Он отвернулся и уставился на покачивающийся чайник. А тот гипнотизировал начищенным алюминиевым боком, погружая в транс не хуже грибов, что росли в дальнем углу служебного жилья, настой из которых попивал иногда. И тогда жилье пугающе сжималось. Стены сужались, почти соприкасаясь, и грозили раздавить. А когда страх достигал предела, раздвигались и исчезали, и потолок тоже. Он оставался один, возвышаясь над материальностью окружающего мира. И смутно сознавал, что содержание его нынешней жизни, полнота и адекватность восприятия, и подлинная сущность, лежат вне его сегодняшнего. И, отторгнутый от самого себя, понимал, что может жить еще и в прошлом, и в будущем тоже, только не знал, как.
Толкнул рукой чайник и двинулся к полкам на поиски Операционного журнала размерами с телефонный справочник. Журнал был пронумерован, прошит через все слои суровой ниткой, скрепленной сургучной печатью, чтобы не вырывали листы.
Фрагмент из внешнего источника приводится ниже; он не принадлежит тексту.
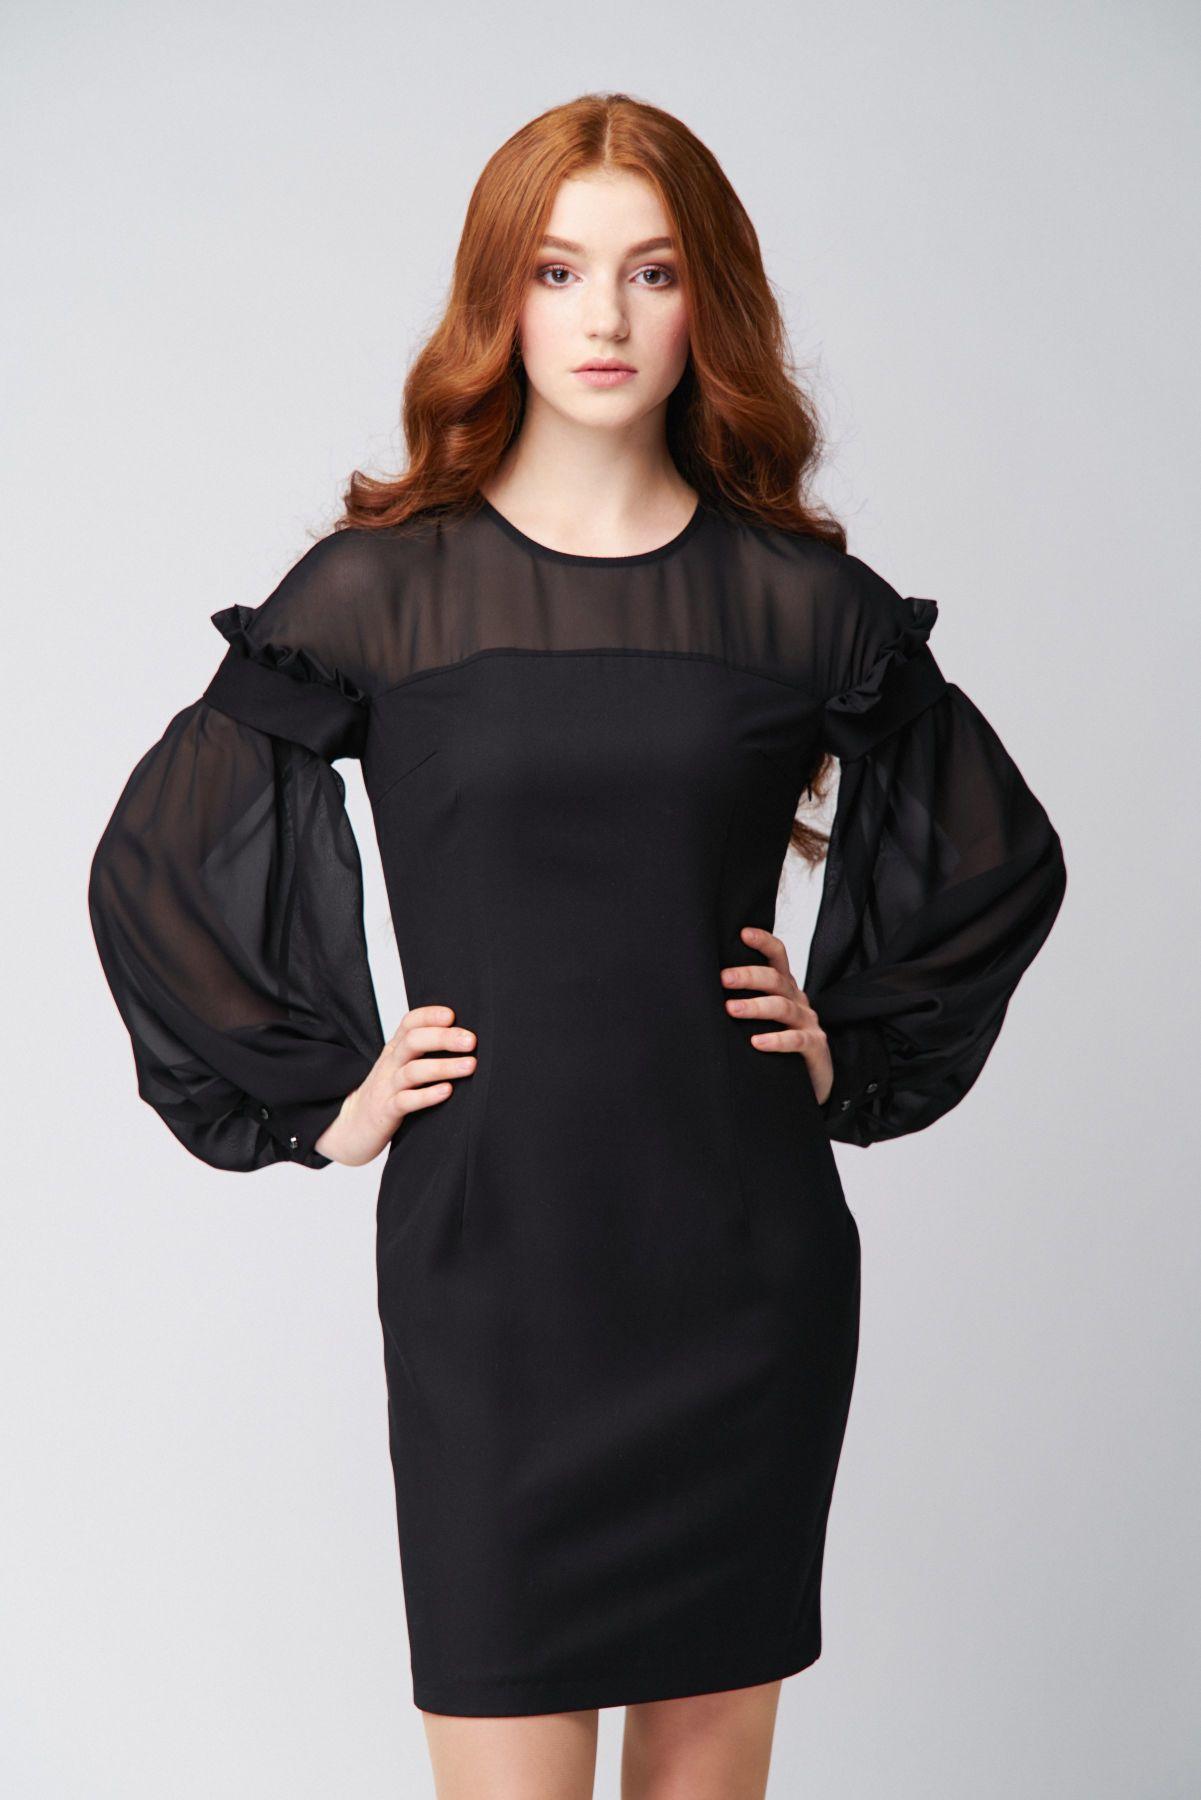 GANVERI Women's Dress with Transparent Yoke, Black image

В прошлый раз он запрятал журнал, который хранил в дорогом кожаном портфеле, подаренном ГФ, так далеко, что не мог вспомнить, куда. А сейчас, когда вспомнил, не хотел доставать, страшась неведомых последствий. Однако преодолел неправильные мысли. Достал портфель. Положил журнал на операционные стол. Раскрыл. Перелистал страницы. На каждой – отпечатанные типографским способом – место для фамилии больного, диагноза, названия операции, фамилии хирурга, ассистентов, анестезиолога, операционной сестры. А дальше – снова чистое место для протокола операции, для рисунка, если потребуется, и эпикриза.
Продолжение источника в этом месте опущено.